Além desse fator, segundo estudo feito pelo Fundo Mundial para Natureza (WWF), intitulado “Solucionar a Poluição Plástica: Transparência e Responsabilização”, o Brasil é o quarto país no mundo que mais produz lixo (produz 79 milhões de toneladas de lixo por ano), estando atrás apenas dos Estados Unidos (1º lugar), da China (2º) e da Índia (3º) e, infelizmente, 97% (noventa e sete por cento) do lixo produzido no Brasil não é reciclado, ou seja, na maioria dos Municípios brasileiros não há coleta seletiva dos resíduos sólidos.
Segundo a Política Nacional de Resíduos Sólidos (PNRS), são definidos como Resíduos Sólidos Urbanos (RSU) todo material, substância, objeto ou bem descartado resultante de atividades humanas em sociedade.
O artigo 3º-C da Lei nº 14.026/2020 por sua vez, considera como serviços públicos especializados de limpeza urbana e de manejo de resíduos sólidos as atividades operacionais de coleta, transbordo, triagem para fins de reutilização ou reciclagem, tratamento, inclusive por compostagem, e destinação final dos: resíduos domésticos, originários de atividades comerciais, industriais e de serviços, ou, ainda, os resíduos originários dos serviços públicos de limpeza urbana. Veja-se:
“Art. 3º-C. Consideram-se serviços públicos especializados de limpeza urbana e de manejo de resíduos sólidos as atividades operacionais de coleta, transbordo, transporte, triagem para fins de reutilização ou reciclagem, tratamento, inclusive por compostagem, e destinação final dos:
I - resíduos domésticos;
II - resíduos originários de atividades comerciais, industriais e de serviços, em quantidade e qualidade similares às dos resíduos domésticos, que, por decisão do titular, sejam considerados resíduos sólidos urbanos, desde que tais resíduos não sejam de responsabilidade de seu gerador nos termos da norma legal ou administrativa, de decisão judicial ou de termo de ajustamento de conduta; e
III - resíduos originários dos serviços públicos de limpeza urbana, tais como:
Além das atividades de coleta, transporte, transbordo, tratamento e destinação final dos resíduos sólidos urbanos, a prestação de serviço também incluiu a disponibilização e manutenção de infraestruturas e instalações operacionais para realização destas atividades. Veja-se a redação do artigo 3º, alínea c da Lei nº 11.445/2007, com a redação dada pela Lei nº 14.026, de 2020:
Art. 3º - Para fins do disposto nesta Lei, considera-se:
(...)
Nesse contexto, cabe aos Municípios instituir as políticas públicas que se fizerem necessárias para atingir cada um dos objetivos traçados pelo Novo Marco do Saneamento, e através de ações e muito planejamento angariar todos os elementos que possibilitem a execução dos serviços de limpeza urbana e de manejo de resíduos sólidos, e a correta destinação final dos rejeitos.

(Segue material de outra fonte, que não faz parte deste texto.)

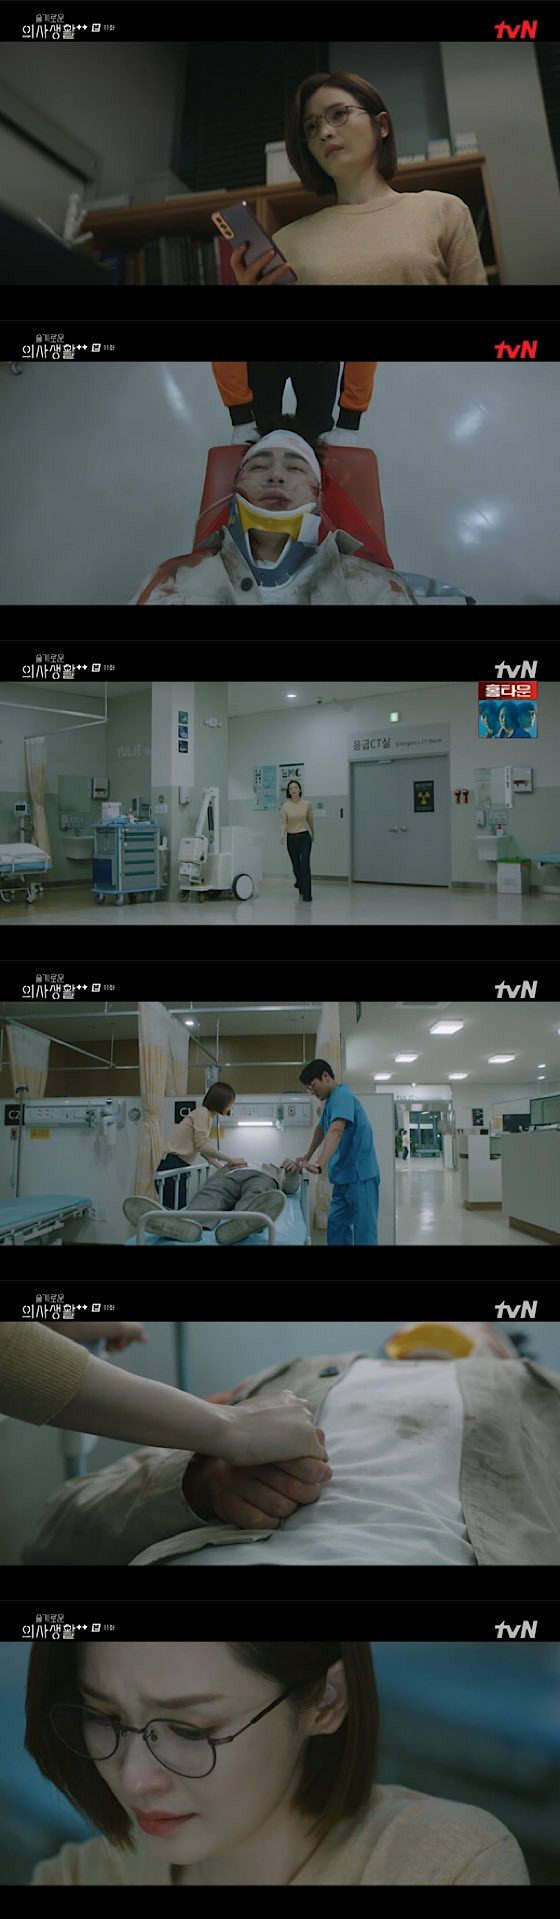 ≪Korean TV Series NOW≫ "Wise Doctor Life Season 2" EP11, Cho Jong-seok is robbed on his birthday... Jung Mi-do = plot spoiler
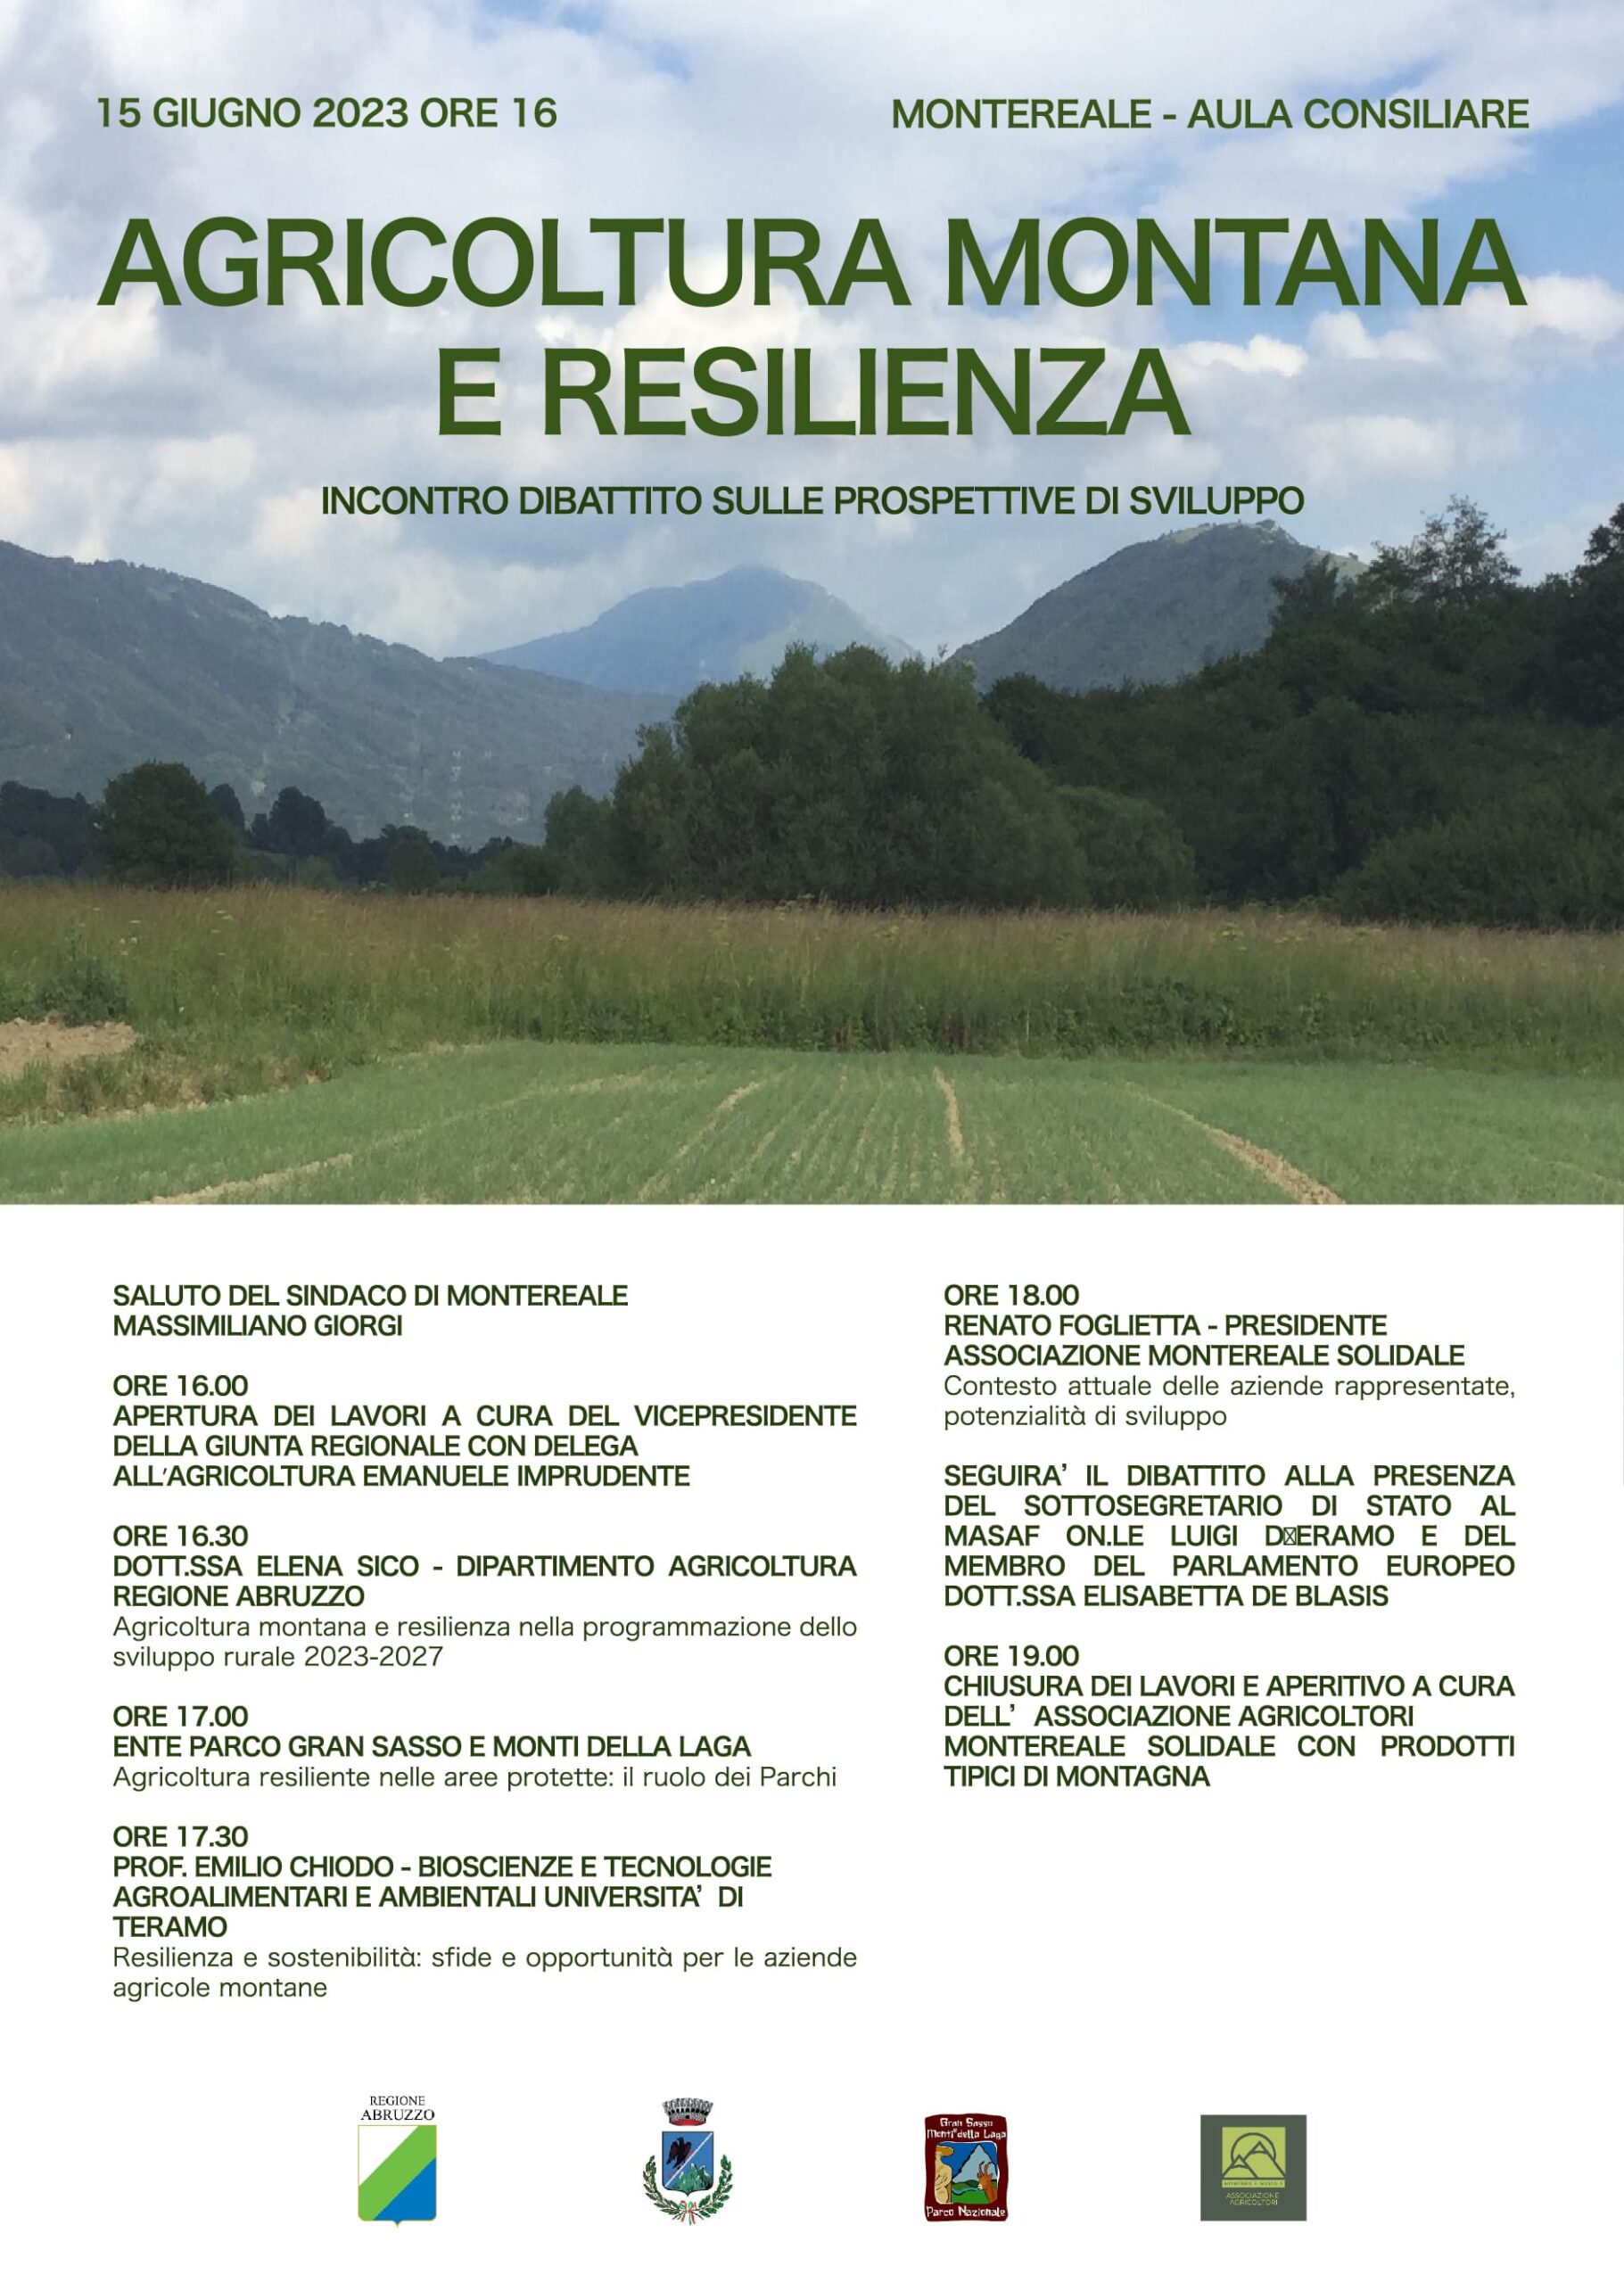 Agricoltura montana e resilienza

Os impactos negativos da disposição final e inadequada dos resíduos sólidos motivaram a instituição de Política Nacional de Recursos Sólidos (Lei nº 12.305/2010), contudo, o prazo previsto na referida norma não foi atendido por inúmeros Municípios, por questões técnicas e até mesmo financeiras.
O Novo Marco Regulatório do Saneamento Básico, por sua vez, ampliou o prazo previsto na Política Nacional de Recursos Sólidos para que os Municípios promovam a disposição final e ambientalmente adequada dos rejeitos até 31 de dezembro de 2020, ou seja, até referida data os lixões e aterros controlados que não contavam com a infraestrutura adequada e necessária para proteger a saúde das pessoas e preservar o meio ambiente ecologicamente equilibrado deveriam ser extintos.
Contudo, o prazo acima indicado não se aplica aos Municípios que até 31 de dezembro de 2020 tenham elaborado plano intermunicipal de resíduos sólidos ou plano municipal de gestão integrada de resíduos sólidos e que disponham de mecanismos de cobrança que garantam sustentabilidade econômico-financeira da execução dos serviços públicos de limpeza urbana e manejo de resíduos sólidos, para os quais ficam definidos os seguintes prazos:
a - até 2 de agosto de 2021, para capitais de Estados e Municípios integrantes de Região Metropolitana (RM) ou de Região Integrada de Desenvolvimento (Ride) de capitais;
b - até 2 de agosto de 2022, para Municípios com população superior a 100.000 (cem mil) habitantes no Censo 2010, bem como para Municípios cuja mancha urbana da sede municipal esteja situada a menos de 20 (vinte) quilômetros da fronteira com países limítrofes;
c - até 2 de agosto de 2023, para Municípios com população entre 50.000 (cinquenta mil) e 100.000 (cem mil) habitantes no Censo 2010; e
d - até 2 de agosto de 2024, para Municípios com população inferior a 50.000 (cinquenta mil) habitantes no Censo 2010.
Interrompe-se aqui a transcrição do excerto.